# Copyright (c) 2014, 2018, Oracle and/or its affiliates. All rights reserved.
#
# This program is free software; you can redistribute it and/or modify
# it under the terms of the GNU General Public License, version 2.0,
# as published by the Free Software Foundation.
#
# This program is also distributed with certain software (including
# but not limited to OpenSSL) that is licensed under separate terms,
# as designated in a particular file or component or in included license
# documentation.  The authors of MySQL hereby grant you an additional
# permission to link the program and your derivative works with the
# separately licensed software that they have included with MySQL.
#
# This program is distributed in the hope that it will be useful,
# but WITHOUT ANY WARRANTY; without even the implied warranty of
# MERCHANTABILITY or FITNESS FOR A PARTICULAR PURPOSE.  See the
# GNU General Public License, version 2.0, for more details.
#
# You should have received a copy of the GNU General Public License
# along with this program; if not, write to the Free Software
# Foundation, Inc., 51 Franklin St, Fifth Floor, Boston, MA 02110-1301  USA

=*= MySQL Group Replication =*=
===============================

The multi master plugin for MySQL is here. MySQL Group Replication enables
virtual synchronous updates on any member in a group of MySQL servers, with
conflict handling and failure detection. Distributed recovery is also in the
package to ease the process of adding new servers to your group.


* == Pre requisites == *

Under the hood, the plugin is powered by group communication protocols.
They run a failure detection and membership service, safe and totally
ordered message delivery. All these services are key to make sure that data
is consistently replicated across a group of servers. At the core, there is
an implementation of Paxos (code named XCom) which acts as the group
communication system engine.


* == Plugin install == *

Please check http://dev.mysql.com/doc/refman/5.7/en/installing.html


* == Plugin's required configurations  == *

As any new feature, the Group Replication plugin includes some limitations and
requirements that emerge from its underlying characteristics. When configuring
a server and your data for multi master you will need:

1) Have the binlog active and its logging format set to ROW.

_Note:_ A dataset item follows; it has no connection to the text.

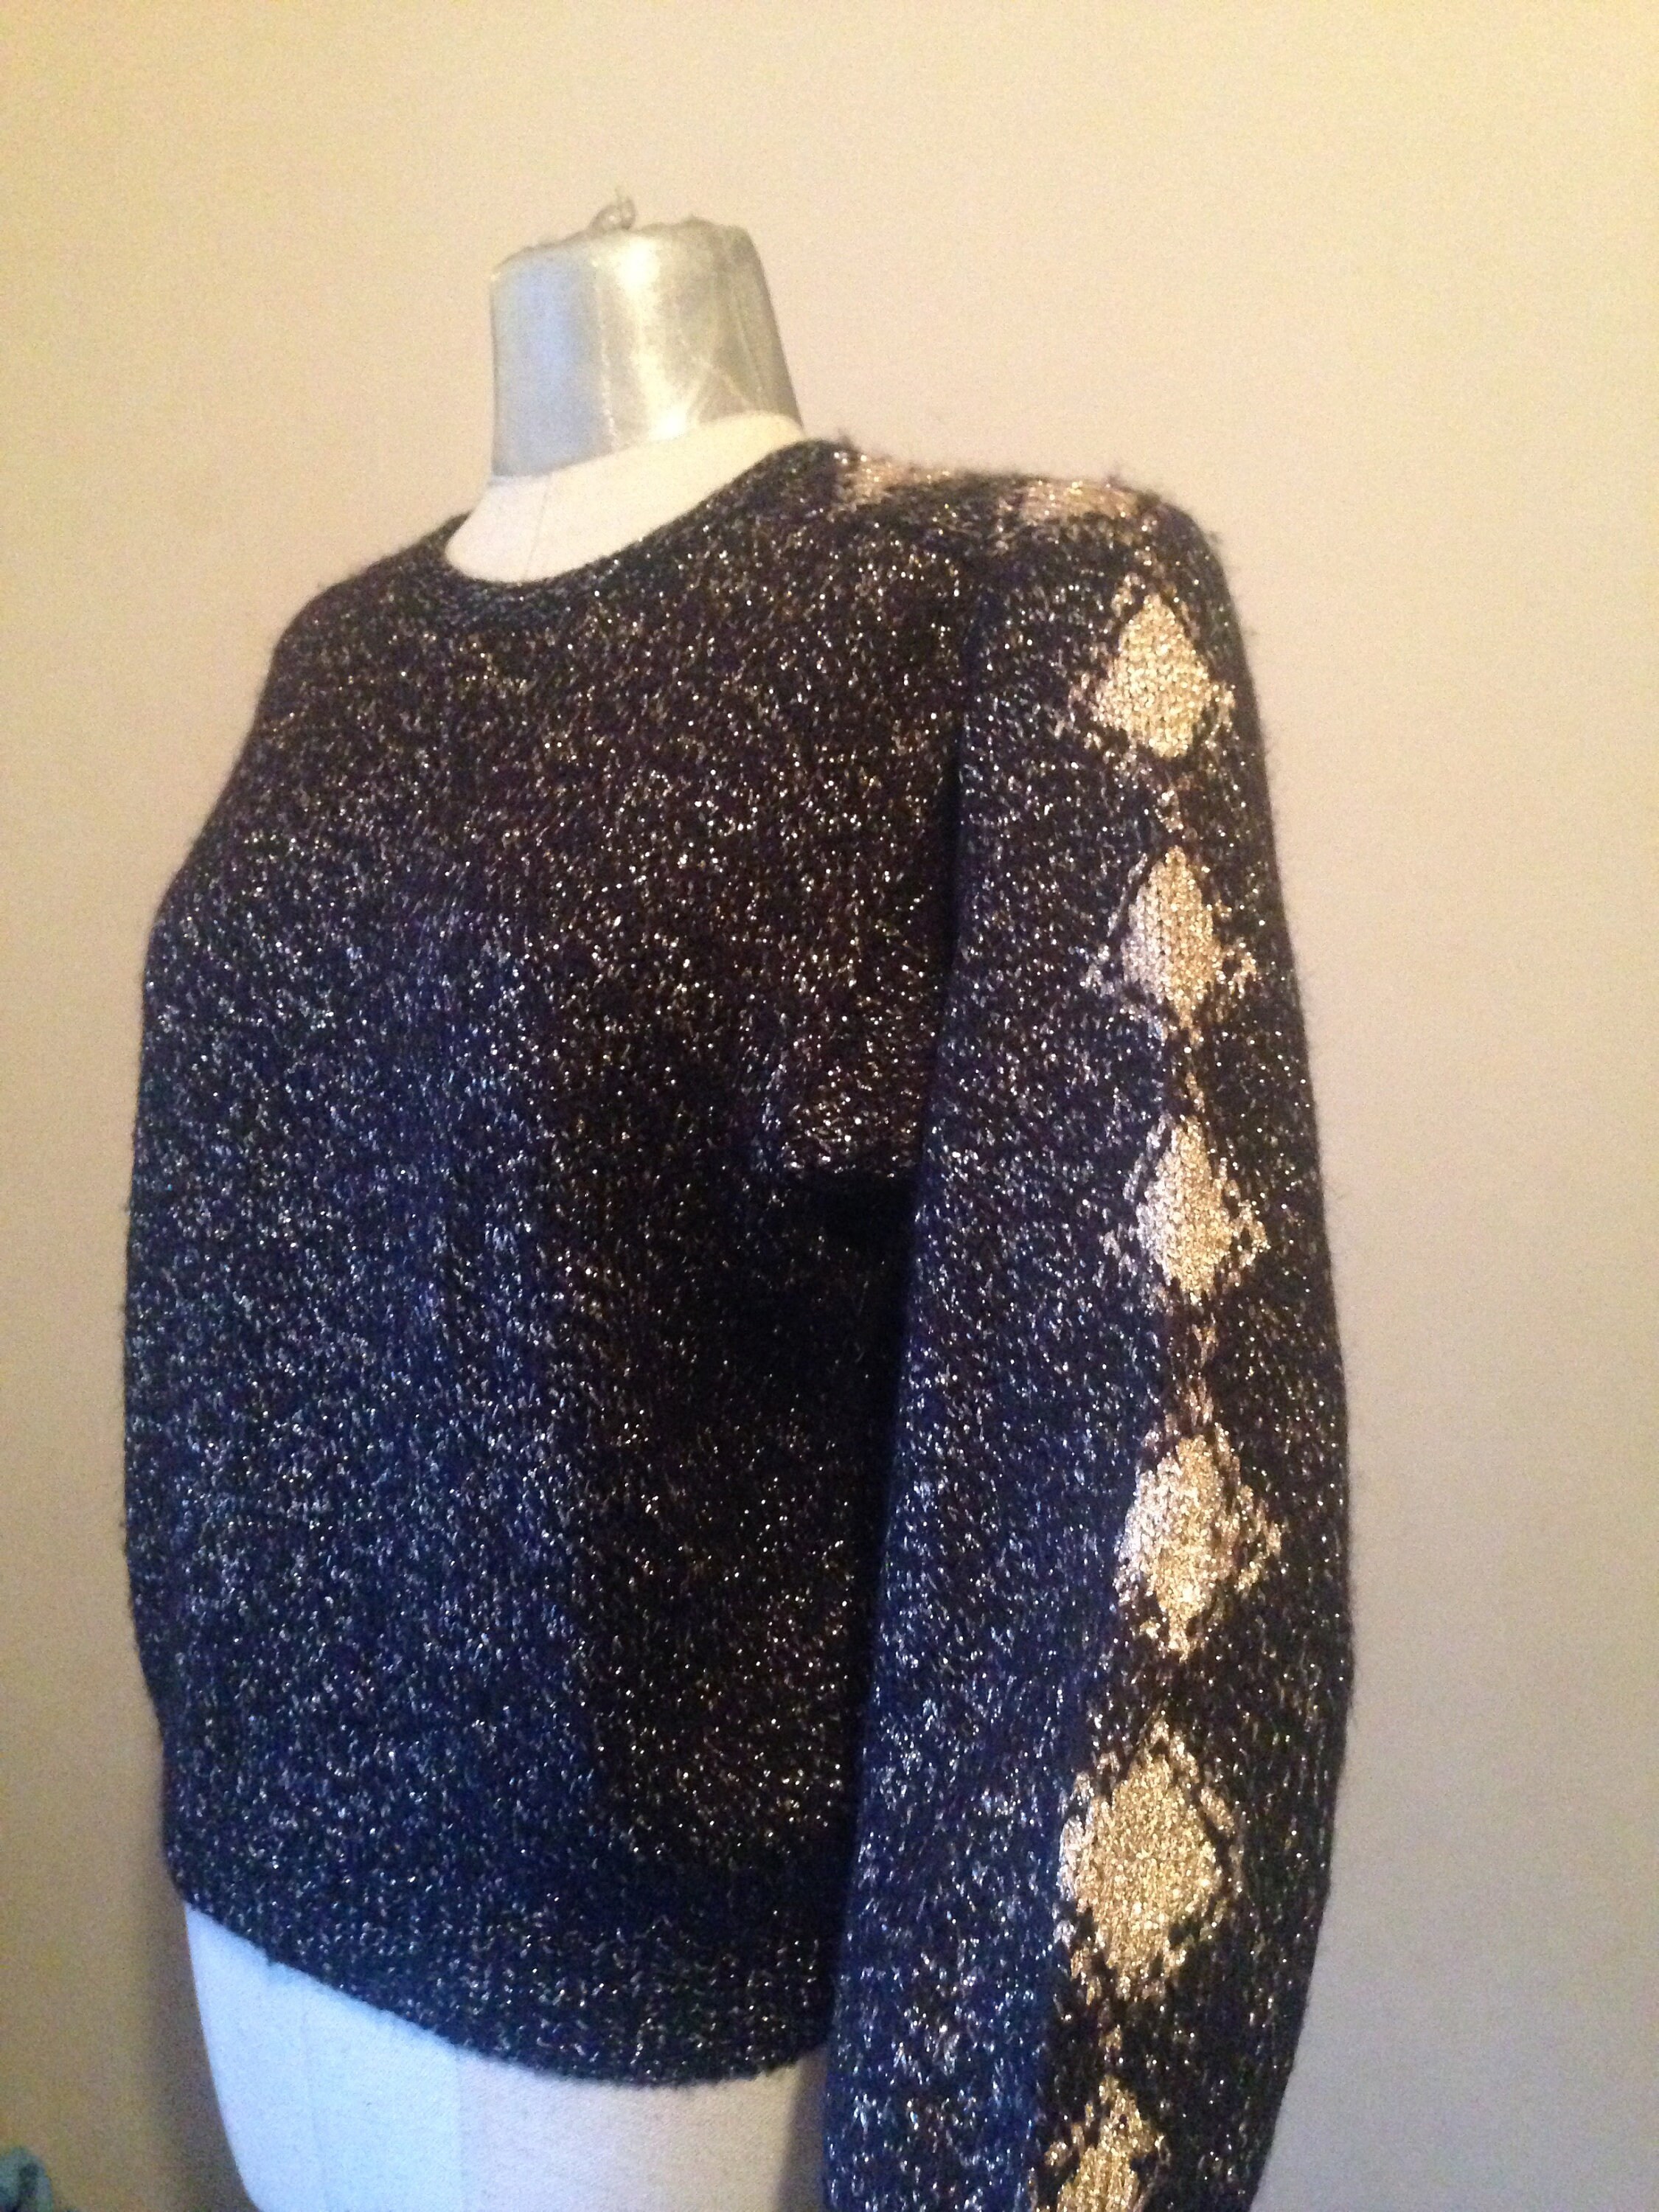 Krizia Charcoal & Gold 80s Vintage Sweater With Diamond Detail | Etsy

   Like on standard replication, multi master replication is based on the
   transmission of log events. Its inner mechanism are however based on the
   write sets generated during row based logging so row based replication is a
   requirement.

   Server options:
     -–log-bin
     --binlog-format=row

2) Have GTIDs enabled.
   MySQL Group Replication depends on GTIDs, used to identify what
   transactions were executed in the group, and for that reason vital to the
   distributed recovery process.

   Server options:
     --gtid-mode=on
     --enforce-gtid-consistency
     --log-slave-updates

3) Use the InnoDB engine.
   Synchronous multi master is dependent on transactional tables so only
   InnoDB is supported. Since this is now the default engine, you only have to
   be careful when creating individual tables.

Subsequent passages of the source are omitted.